The Astrophysics Spectator
The Astrophysics Spectator
The distance of the stars is so great that they appear to our eyes motionless on the sky. From ancient times to the beginning of modern astronomy, the stars were treated as fixed objects on a distant sphere. On this subject, Copernicus comments:
All these things [retrograde motion, planetary brightening at opposition, etc.] proceed from the same cause, which resides in the movement of the Earth. But that there are no such appearances among the fixed stars argues that they are at an immense height away, which makes the circle of annual movement or its image disappear from before our eyes since every visible thing has a certain distance beyond which it is no longer seen. (p. 27).1
The nearest stars do have observable motions that are a consequence of their motion through the galaxy and the motion of the Earth around the Sun; but these motions are observable only with fine instruments.
The star's motion that is associated with Earth's motion is called the parallax.
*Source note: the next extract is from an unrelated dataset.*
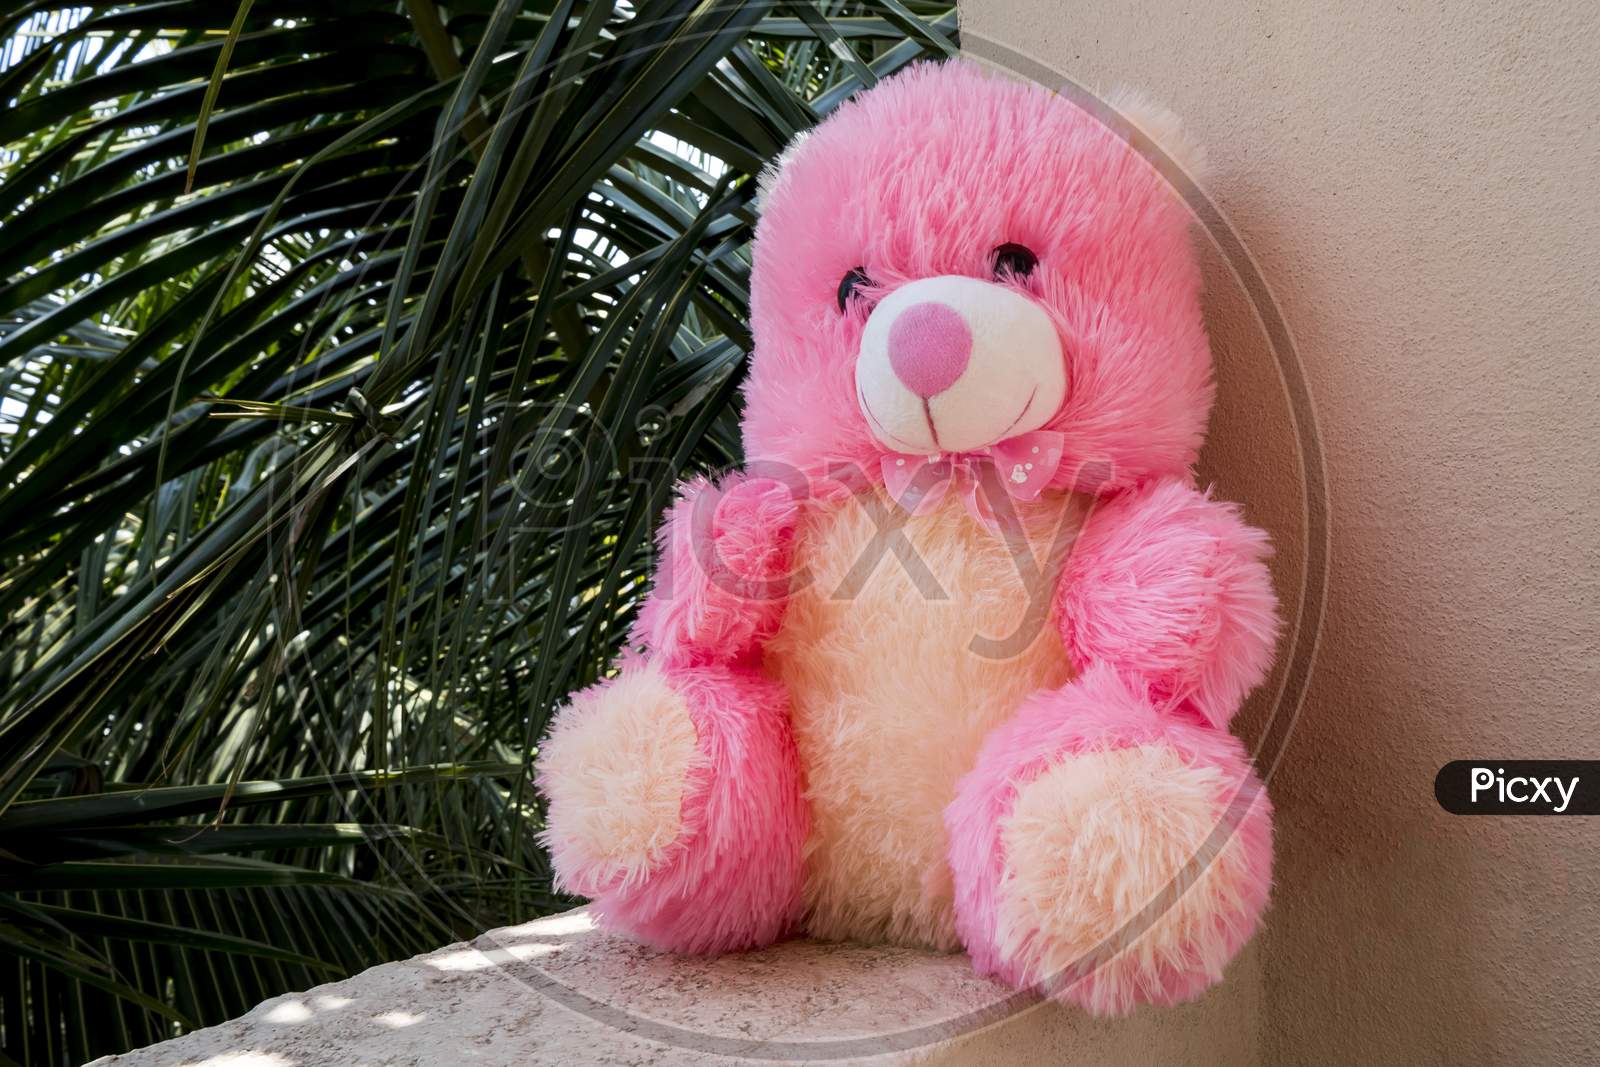 Close Shot Of Pink Teddy Bear Soft Toy Isolated On Wall

By definition, the annual parallax is the apparent motion of a star when the Earth moves 1 AU perpendicular to the star, so a star moves by twice its annual parallax over the course of a year. The nearest stars have an annual parallax of less than 1 arc second. In contrast, the diameter of the Sun on the sky is 32 arc minutes, the diameter on the sky of Venus at inferior conjunction is 1 arc minute,2 the diameter on the sky of Jupiter at opposition is 47 arc seconds,3 and the diameter on the sky of Ganymede, Jupiter's largest moon, at opposition is 1.7 arc seconds. Proxima Centauri (V645 Cen), the closest star to the Sun, has a parallax of 0.77 arc seconds, so its motion is confined to a region of 1.5 arc seconds diameter, slightly smaller than Ganymede's diameter on the sky at opposition.
The distance of a star is derived from its annual parallax by dividing the parallax into the 1AU baseline. Out of convenience, astronomers use a unit of distance that is defined as the distance of an object with an annual parallax of 1 arc second. This distance is the parsec, abbreviated as pc; it is the natural scale of interstellar distances within our Galaxy. The parsec equals 206,264 AU, or about 31 trillion kilometers. Light travels 1 parsec in a little over 3 years. One of our spacecraft, moving at 10 AU per year, would achieve interstellar travel in several tens of thousands of years. From these numbers, you can understand why we astrophysicists are dismissive of claims that spacecraft from other star systems are casually visiting the Earth.
The natural scale of phenomena therefore takes a dramatic leap when we go from the Solar System to the Galaxy. Lets make ourselves feel small by comparing the size of the Galaxy to the size of the Solar System. Locally the distance between the stars is slightly more than 1 pc. Our Sun is in the disk of the Milky Way spiral galaxy. The local thickness of this disk is around 100 pc, our distance from the center of the Galaxy is about 7600 parsecs, or 7.6 kiloparsecs (kpc), and the radius of the galactic disk is about 15 kpc. Therefore, the Galaxy has a radius of 3 billion AU, and the scale of our Galaxy to Earth's orbit is about the same as the scale of a man to an atom. Feeling small yet? We have further to go.
1 Copernicus, Nicolaus. On the Revolution of Heavenly Spheres. Translated by Charles Glenn Wallis. Amherst, New York: Prometheus Books, 1995.
2 A planet is in inferior conjunction when it is between Earth and the Sun. This is an inner planet's point of closest approach to Earth.
3 A planet is in opposition when Earth is between it and the Sun. This is an outer planet's point of closest approach to Earth.